Data provided ->
■ ■ ■ ■ ■ ■ ■

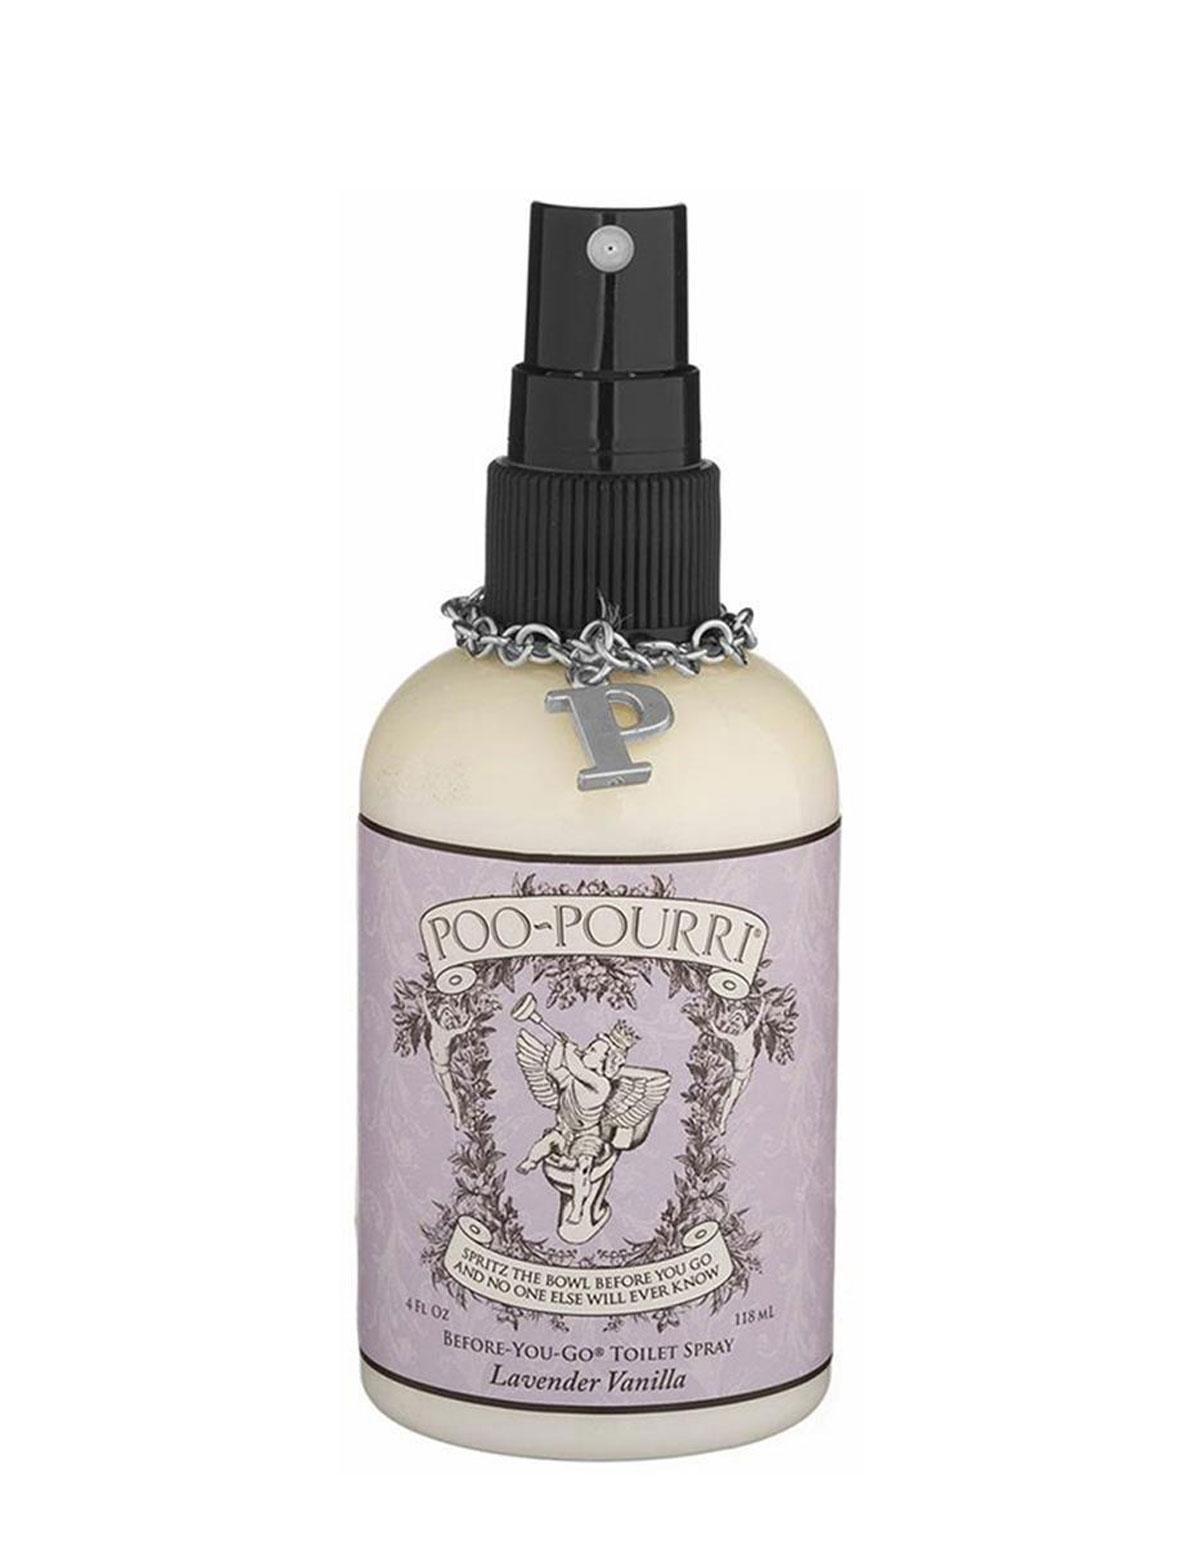 Poopourri 4Oz - Lavender Vanilla
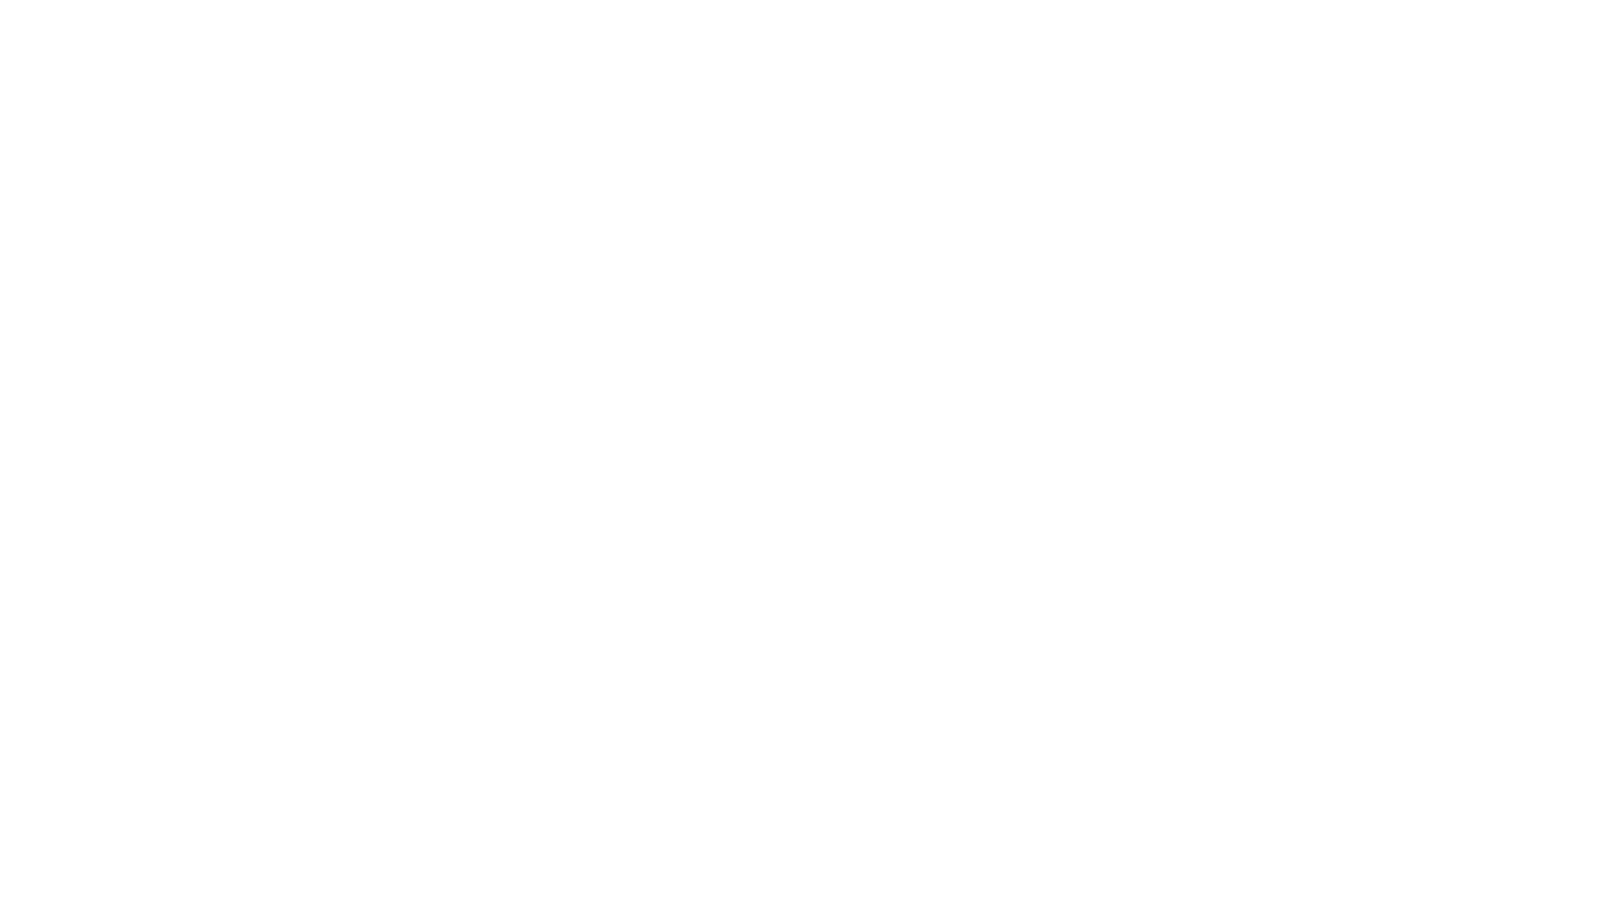 Abbiamo voluto raccogliere in un video le testimonianze di diversi lavoratori ed ex lavoratori di Amsa, società del gruppo A2A che tratta lo spazzamento e la raccolta dei rifiuti nella città di Milano e in 12 comuni dell'hinterland.  Quello che ne è uscito è un ritratto a tinte fosche.  Sono parecchi i problemi interni all'azienda messi in evidenza dagli intervistati: precariato, rapporti sindacali particolari, mancanza di sicurezza, condizioni di lavoro non adeguate e molto altro ancora. Sono questi i veri motivi che ci hanno spinto a voler far uscire questo video.   Come Movimento 5 Stelle abbiamo da tempo formalizzato in lettere tutte le criticità rilevate facendole pervenire agli organi amministrativi della società senza però aver mai ricevuto alcuna risposta concreta.  La nostra speranza è che, anche grazie a questo video, Amsa possa essere stimolata per agire con maggiore  trasparenza in tutto ciò che fa. Le centinaia di lavoratori che hanno lavorato e che lavorano tuttora nell'azienda meritano risposte chiare così come i cittadini che di Amsa sono gli utenti.
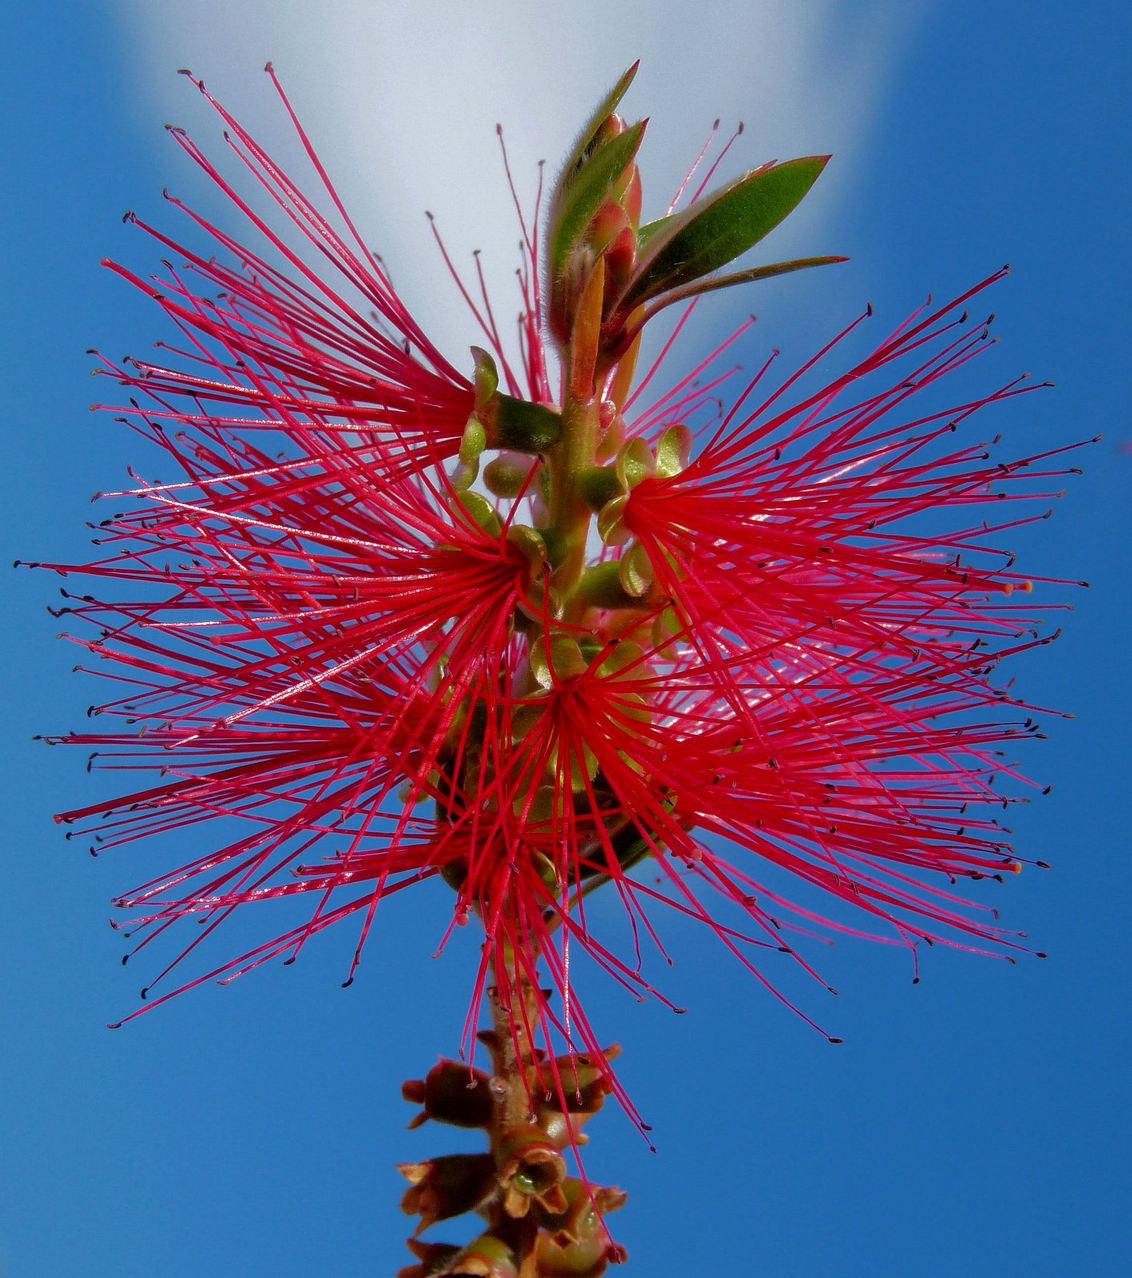 Rode bloemen uit Griekenland - Op het eiland Kefelonia zag ik deze prachtig bloeiende plant. - foto door megegj op 04-12-2010 - deze foto bevat: rood, bloem, flower, griekenland, kefalonia

■ ■ ■ ■ ■ ■ ■

Assigned task -> Give back the full listing above word for word, and let no picture through.

Reply ->
 Poopourri 4Oz - Lavender Vanilla
 Abbiamo voluto raccogliere in un video le testimonianze di diversi lavoratori ed ex lavoratori di Amsa, società del gruppo A2A che tratta lo spazzamento e la raccolta dei rifiuti nella città di Milano e in 12 comuni dell'hinterland.  Quello che ne è uscito è un ritratto a tinte fosche.  Sono parecchi i problemi interni all'azienda messi in evidenza dagli intervistati: precariato, rapporti sindacali particolari, mancanza di sicurezza, condizioni di lavoro non adeguate e molto altro ancora. Sono questi i veri motivi che ci hanno spinto a voler far uscire questo video.   Come Movimento 5 Stelle abbiamo da tempo formalizzato in lettere tutte le criticità rilevate facendole pervenire agli organi amministrativi della società senza però aver mai ricevuto alcuna risposta concreta.  La nostra speranza è che, anche grazie a questo video, Amsa possa essere stimolata per agire con maggiore  trasparenza in tutto ciò che fa. Le centinaia di lavoratori che hanno lavorato e che lavorano tuttora nell'azienda meritano risposte chiare così come i cittadini che di Amsa sono gli utenti.
 Rode bloemen uit Griekenland - Op het eiland Kefelonia zag ik deze prachtig bloeiende plant. - foto door megegj op 04-12-2010 - deze foto bevat: rood, bloem, flower, griekenland, kefalonia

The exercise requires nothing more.